3. But it is said by the defendants that they furnished a sufficient number of ladders with which to do the work, and that the foreman had. no authority to borrow a ladder from Mr. Fritz, and that in doing so he acted outside of his authority, and as to such act he was a fellow-servant of the plaintiff. The testimony shows that Mr. Barnard was placed in charge of the work and of the men, and that he directed how the work should be done, and directed *22the men where to work and what tools to use. In directing the plaintiff to use the ladder in question, the jury found that the foreman was acting within his authority. The plaintiff was not required to know whether the ladder belonged to defendant or to some one else, inasmuch as he did not have the right of selection. De Maries v. Jameson, 98 Minn. 453 (108 N. W. 830); San Antonio Edison Co. v. Dixon, 17 Tex. Civ. App. 320 (42 S. W. 1009). The foreman, in the course of his duty, had the authority to direct the plaintiff to use this ladder, and it was the duty of the plaintiff to obey this direction, unless there was some obvious defect in it. Chicago, etc., R. Co. v. Bayfield, 37 Mich. 205. But it is urged that the foreman took part in the work and labored with his men, and by reason thereof he was a fellow-servant of the men. We agree with counsel that this is generally true as to acts which it is not the duty of the master to perform, but, as to acts which it is the duty of the master to perform, the foreman represents the master, and is not a fellow-servant of the men. Findlay v. Foundry Co., 108 Mich. 286 (66 N. W. 50); Beesley v. F. W. Wheeler & Co., 103 Mich. 196 (61 N. W. 658, 27 L. R. A. 266); Schroeder v. Railroad Co., 103 Mich. 213 (61 N. W. 663, 29 L. R. A. 321, 50 Am. St. Rep. 354). The duty to furnish plaintiff a reasonably safe ladder was the master’s duty. Therefore, when Mr. Barnard, as foreman, failed to discharge that duty, his neglect was the master’s neglect.
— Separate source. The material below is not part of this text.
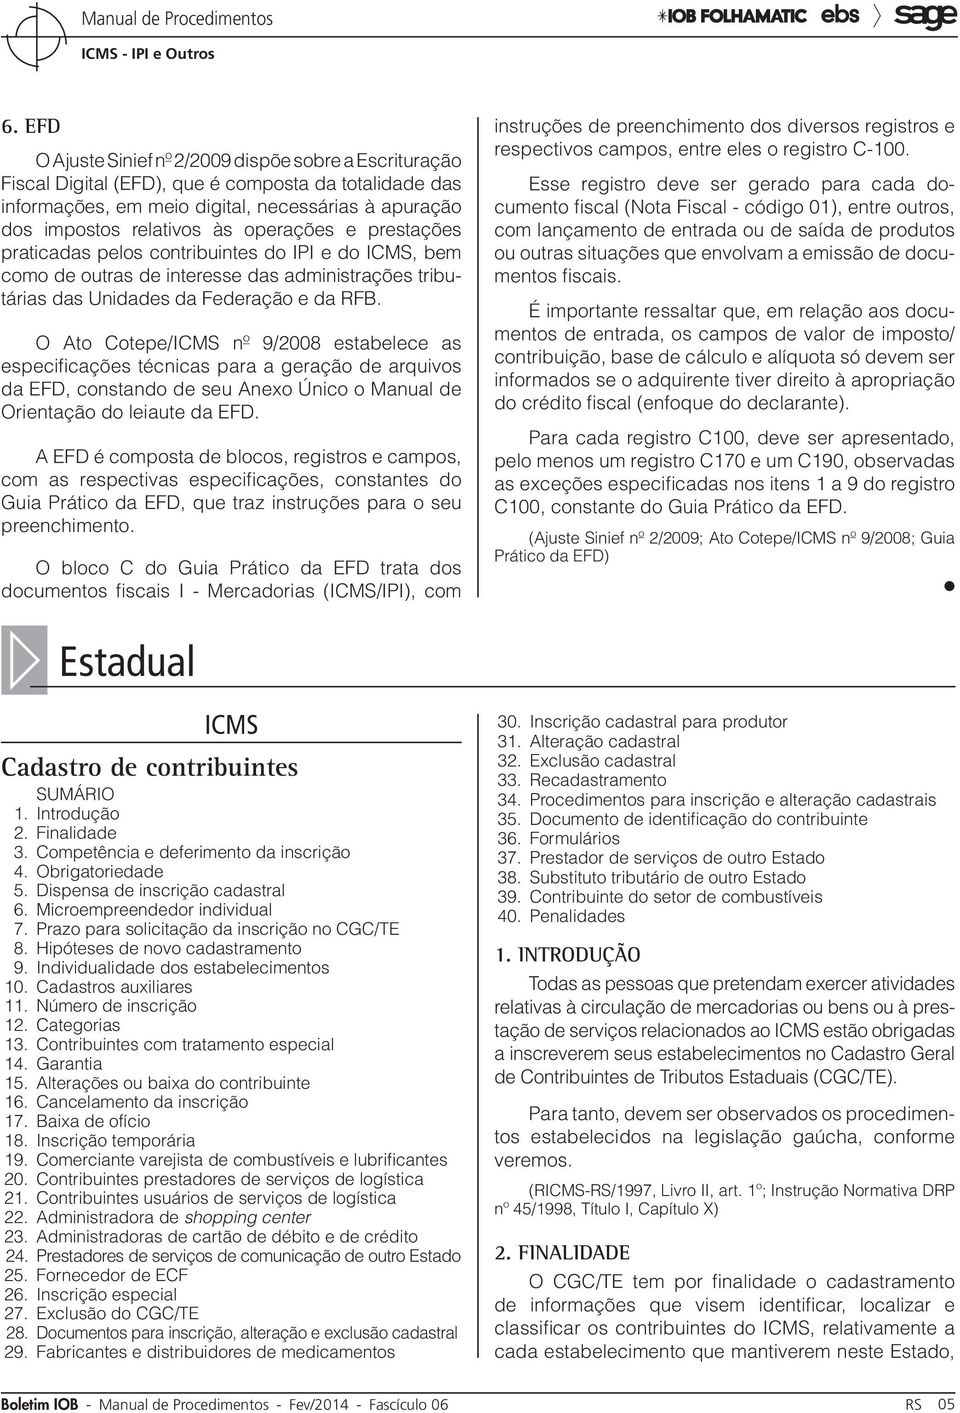 O Ato Cotepe/ICMS nº 9/2008 estabelece as especificações técnicas para a geração de arquivos da EFD, constando de seu Anexo Único o Manual de Orientação do leiaute da EFD.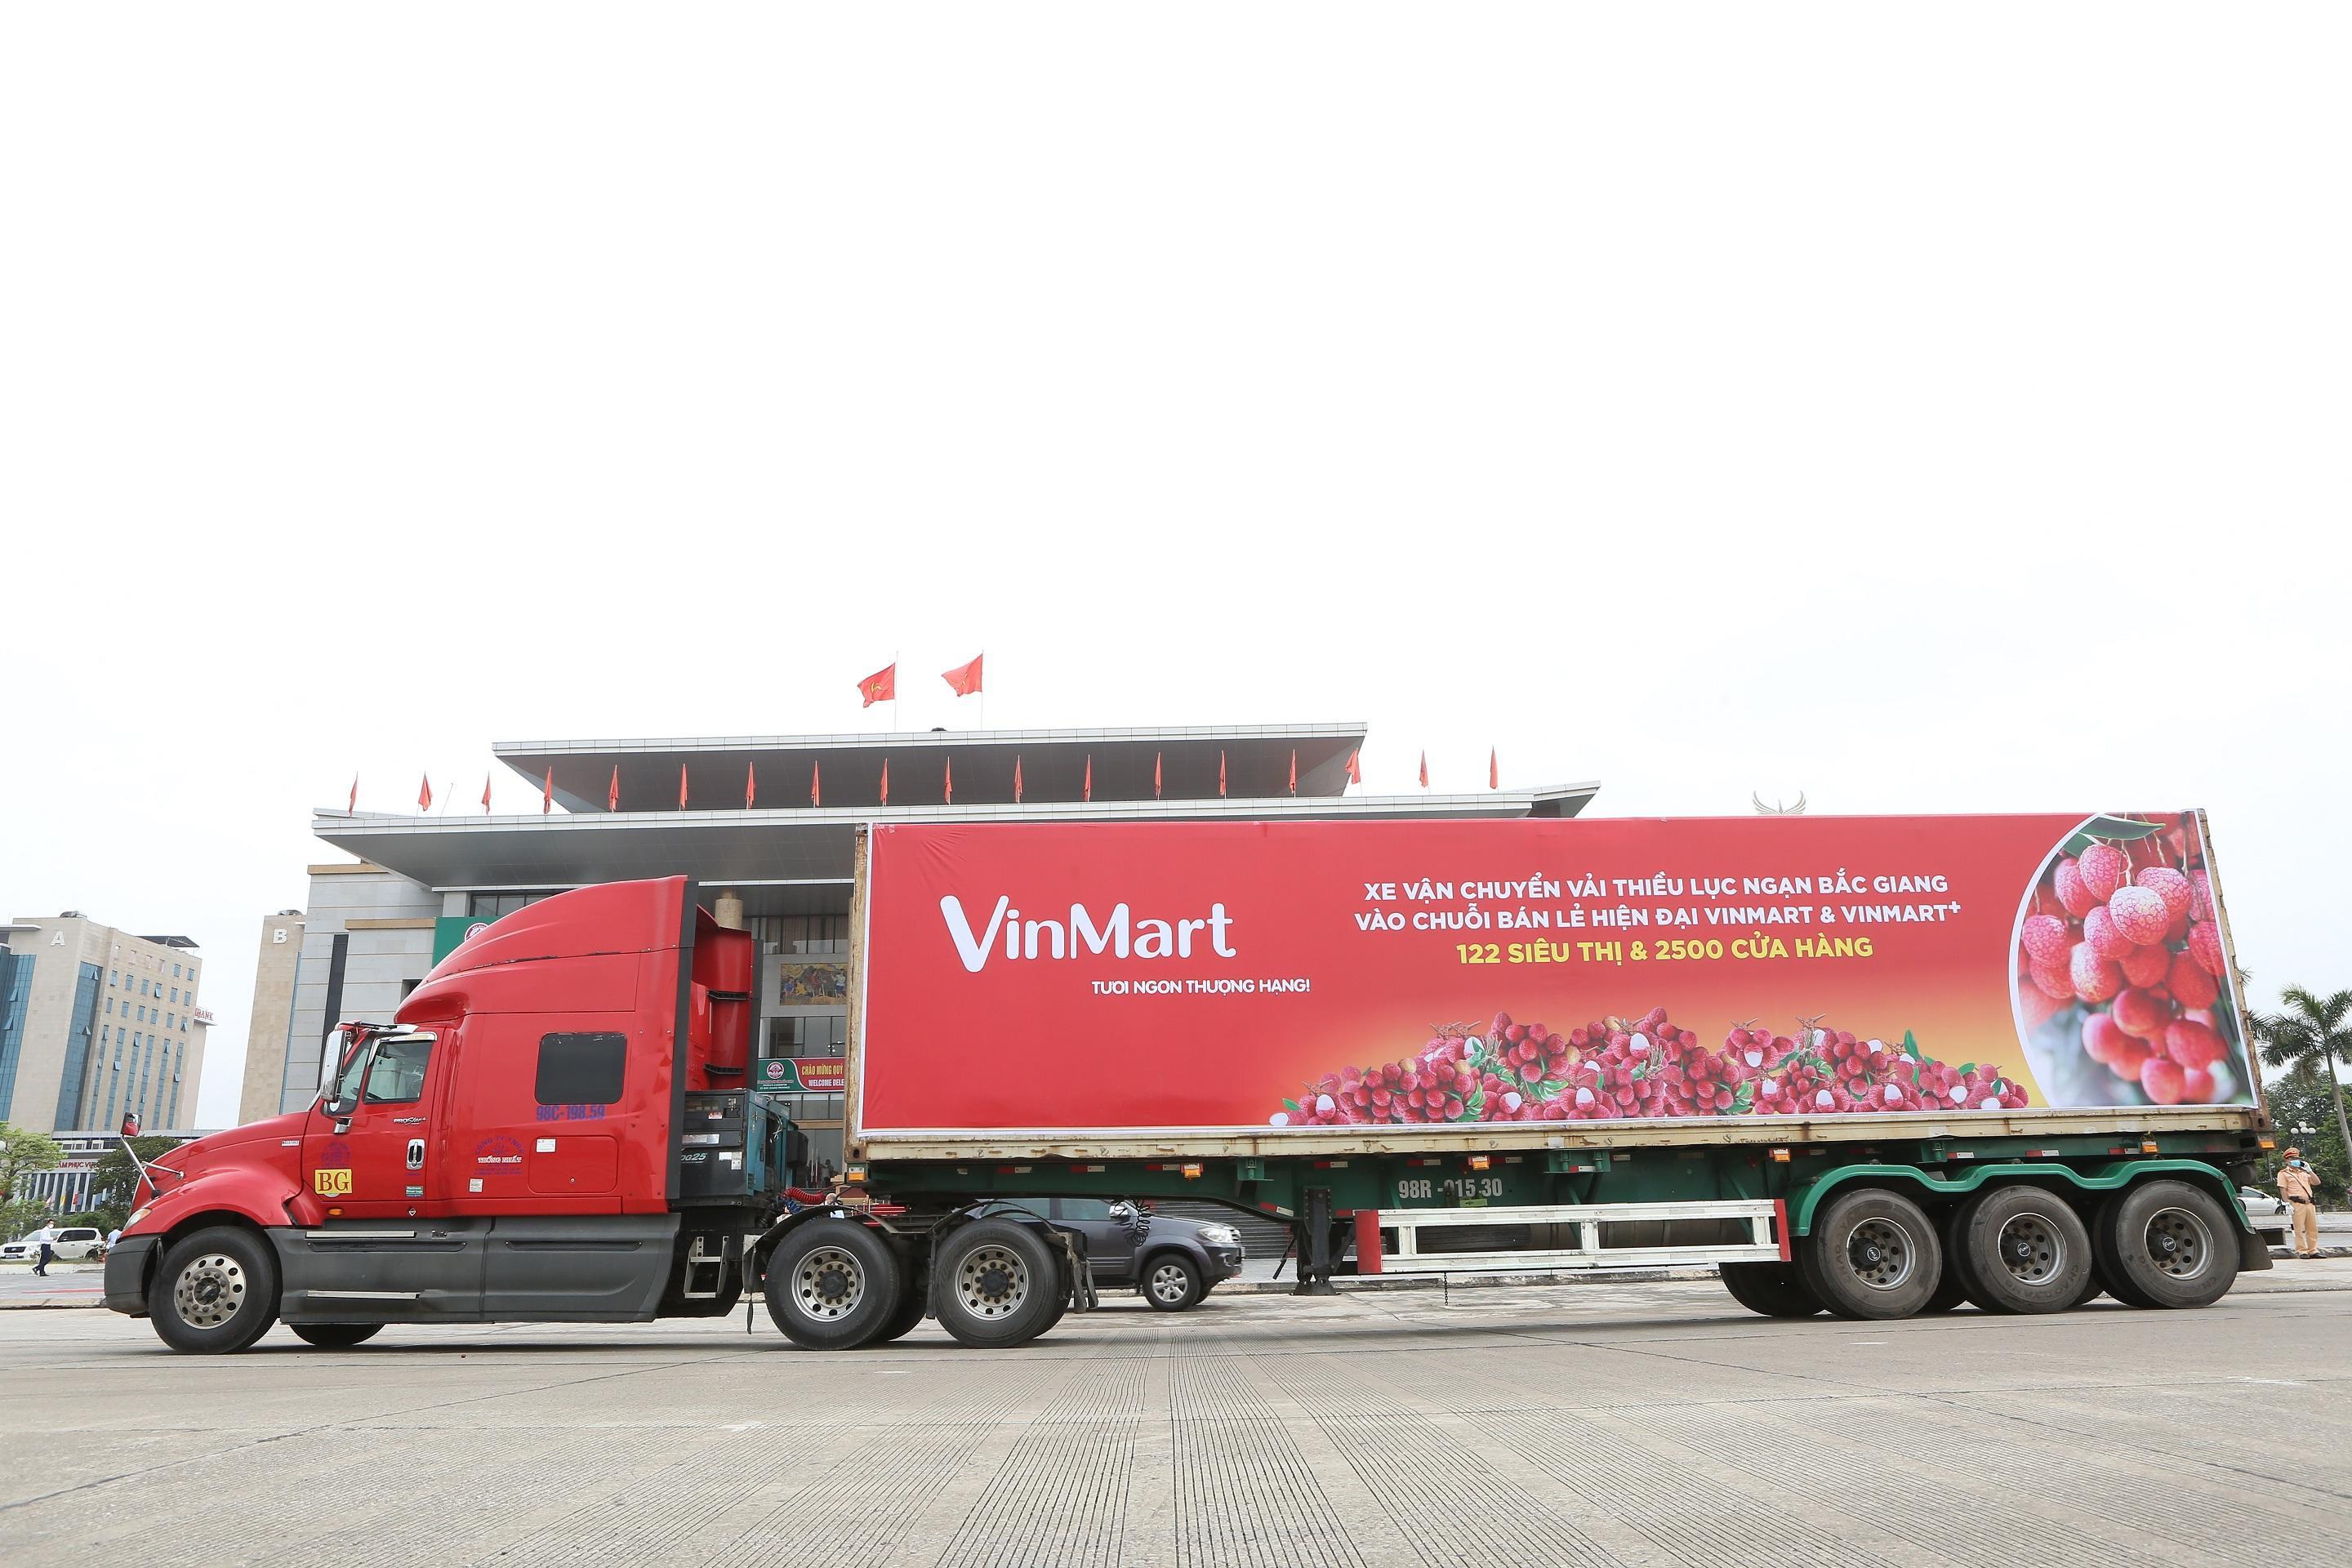 Rất nhiều sản phẩm nông sản của Bắc Giang có tại hệ thống VinMart chuỗi siêu thị bán lẻ hàng đầu Việt Nam

4. Was plaintiff guilty of contributory negligence?' The conduct of the plaintiff and the inferences which were drawn from his conduct were in conflict. Under such circumstances, the contributory negligence of the plaintiff became a question of fact, to be determined by the jury, and the trial court was right in submitting it to them. The questions involving the negligence of the defendant, the contributory negligence of the plaintiff, the extent of the authority of the foreman, whether reasonable inspection of the ladder was made, and whether it would have disclosed the defect if it had been made, were *23all questions left to the jury as questions of fact by the trial court. We see no error in so submitting them. They were all submitted to the jury under very full and careful instructions by the trial court, and we think there was such testimony as justified the verdict of the jury upon all of them. We have examined the other assignments of error, and find nothing in them that calls for a reversal of the case.
The judgment of the trial court should be affirmed.